I work for a huge company in Germany (not the one currently listed in my profile), with 300k+ eployees. We use CAS for a number of applications but our main strategy is SAML. The main reason for SAML is the "front channel" - you can reliably pass assertions via browser.
This has huge advantages in a large enterprise since very often parts of the network are firewalled so the "back channel" solutions (like CAS) don't always work.
With SAML, you could for instance use a completely external service like Salesforce with your company's SAML identity provider. Almost out of the box.
Please note that my production knowledge of CAS is ~4 years old.
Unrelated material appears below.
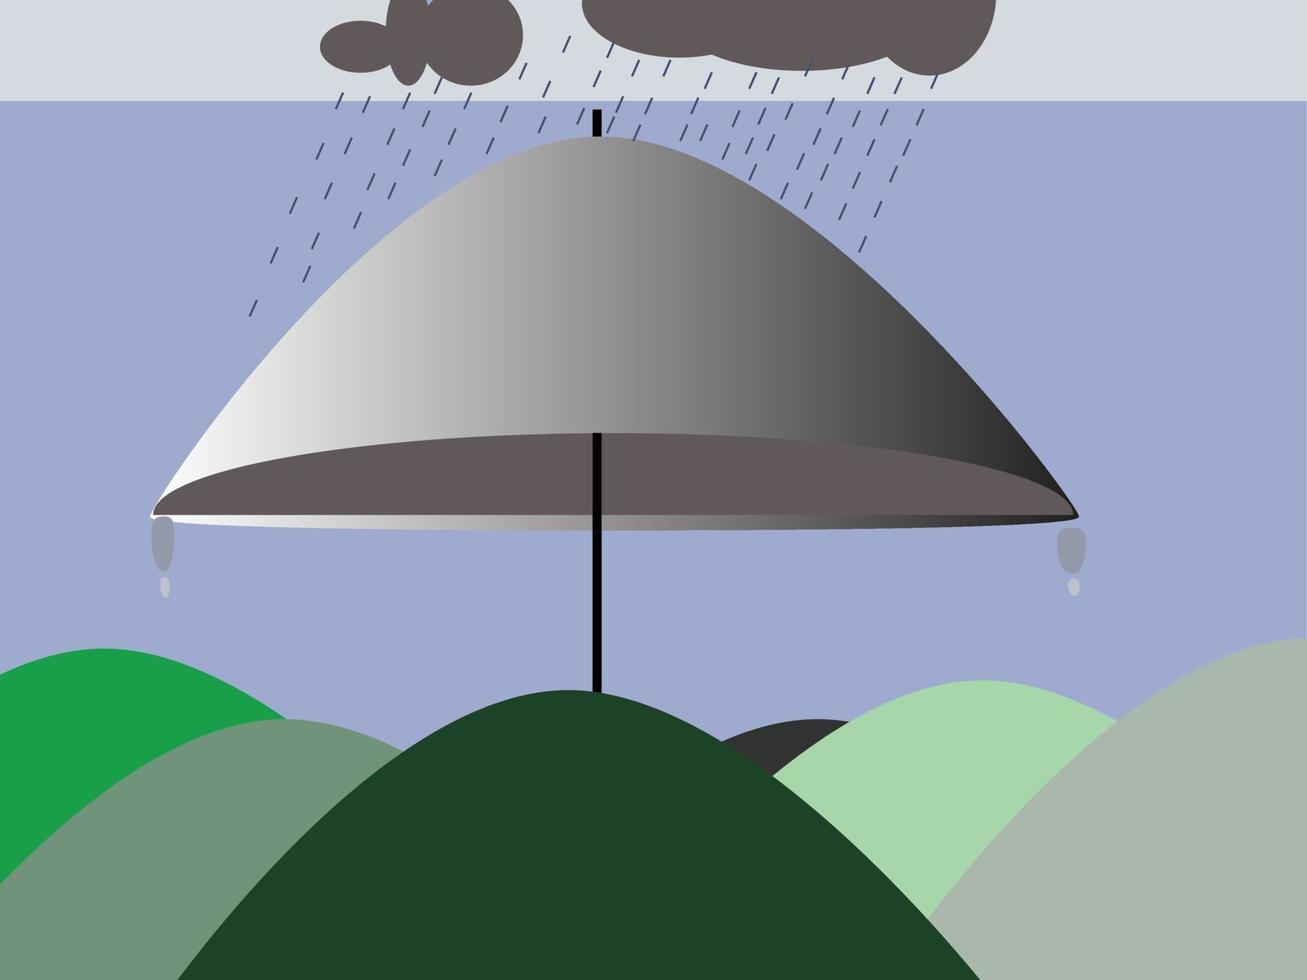 rain with umbrella icon image vector

I might be wrong about the "back channel" for CAS, please recheck that.
Ok, few further insight related to your question update.
- We use AD as user directory too.
- Our identity provider (basically where you login) implements x-factor auth (SMS and token services).
- We use standard SAML solutions, we don't implement proprietary things.
- Sorry I did not mention it before - I'm not in finance/banking but we have apps in a very wide range of security requirements.
- I know peopla who use CAS in the financial sector. Howere, it's not the subject area that matters, it's seqcurity requirements that matter.
- I have had positive experience with Spring Security in the past, but it is not the tech of choice in the current company (more JBoss).
CAS is surely a good thing and will definitely work. However it's normally not the technology which fails it's how you use it in context. If you don't have extensive experience, in the area, get a consulting or a professional pentest. Too many things can be done "a little bit wrong" and lead to severe consequences.
I'm writing all this - and I'm even not a security professional, I'm an architect who designs these apps to fulfill (among magnitude of other things) their security requirements.